Implementation:Iterative Dvc Database
| Knowledge Sources | |
|---|---|
| Domains | Database, Data_Import |
| Last Updated | 2026-02-10 10:00 GMT |
Overview
Database client and serialization utilities for importing SQL query results into DVC-tracked files, provided by the DVC library.
Description
The dvc/database.py module (134 lines) provides a lightweight database abstraction layer built on SQLAlchemy, enabling DVC to import data from SQL databases into CSV or JSON files. The module defines two dataclasses, two context managers, and a URL construction utility.
Serializer is a dataclass that wraps a SQL query and a database connection. It provides to_csv (which streams results in chunks using pandas.read_sql with chunksize for memory efficiency and writes to an atomic temporary file) and to_json (which loads the full result set and writes JSON with orient="records"). The export method dispatches to the appropriate serializer based on a format string.
Client is a dataclass wrapping a SQLAlchemy Engine. Its test_connection method executes SELECT 1 to verify database connectivity, invoking an optional onerror callback and raising a DvcException with a descriptive message on failure. Its export method creates a connection (with stream_results=True for CSV to enable server-side cursors), constructs a Serializer, and delegates the export. Both methods accept an optional progress callback for reporting row-level progress.

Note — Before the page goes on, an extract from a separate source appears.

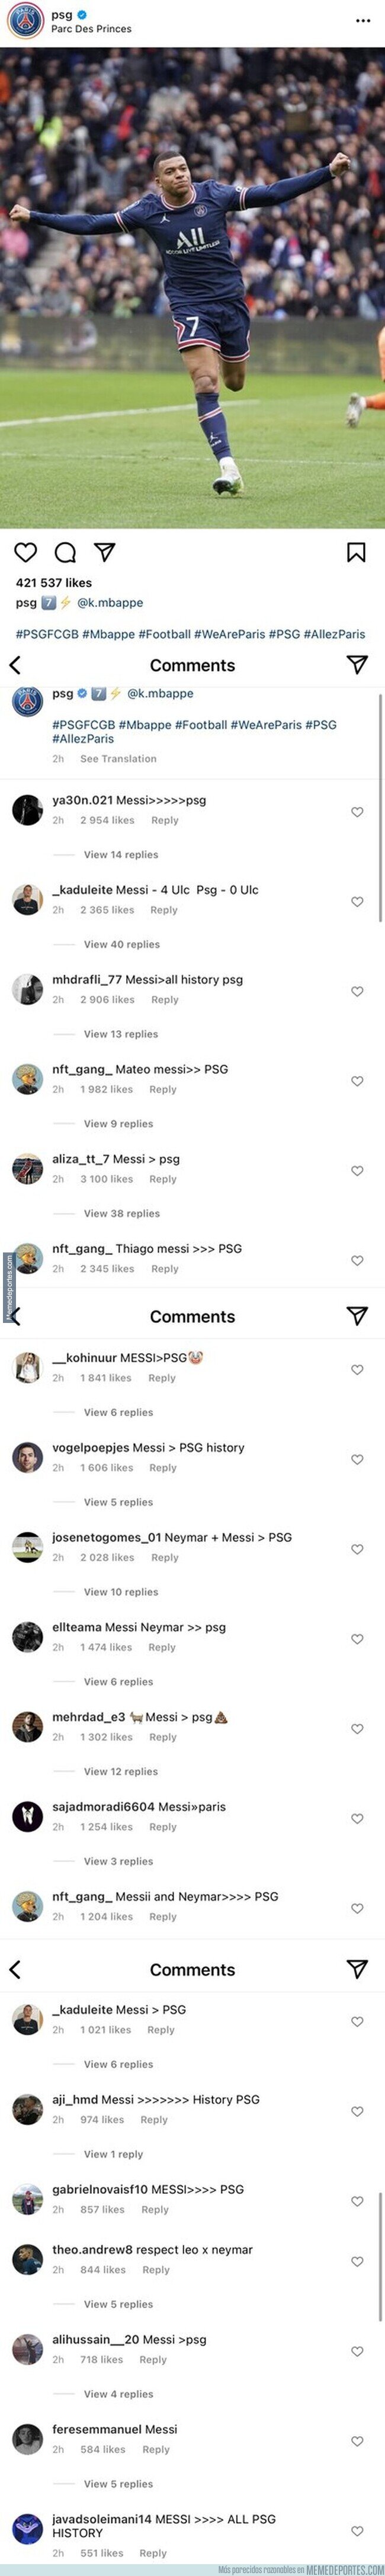 1157105 - Las redes sociales del PSG tras los abucheos a Messi por parte de aficionados del equipo parisino
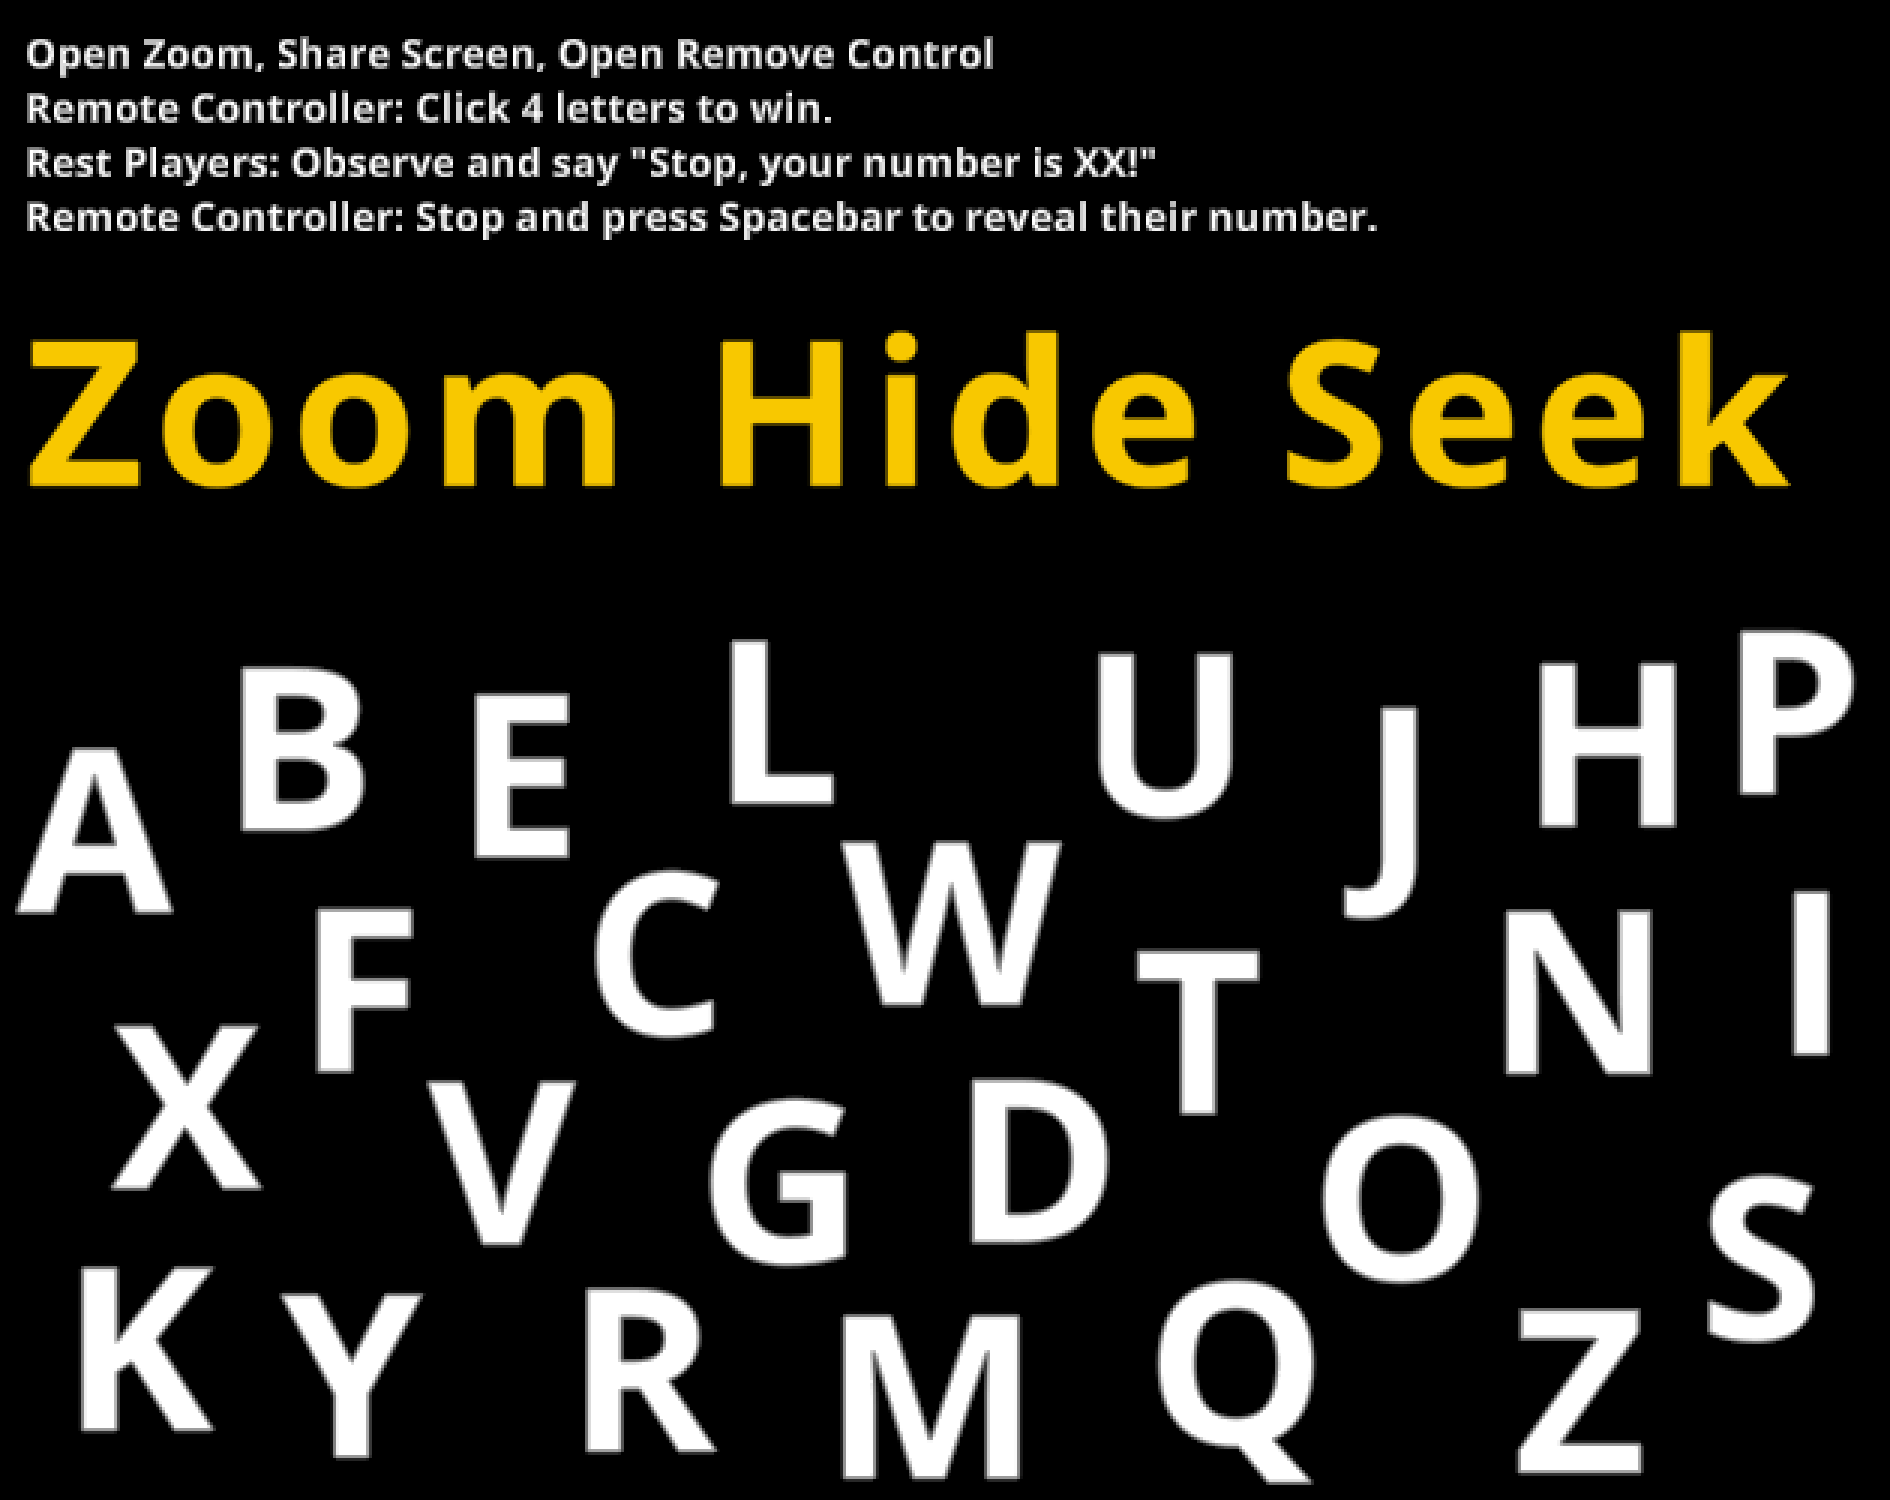 Zoom hide seek mac os x

url_from_config constructs a SQLAlchemy URL from either a connection string or a dictionary of connection parameters (via make_url). The client context manager is the primary entry point: it takes a URL string, URL object, or config dictionary, resolves it to a URL, creates a SQLAlchemy engine (with optional echo mode controlled by the DVC_SQLALCHEMY_ECHO environment variable), yields a Client instance, and disposes of the engine on exit. The handle_error context manager wraps engine creation to produce user-friendly error messages when database drivers are missing.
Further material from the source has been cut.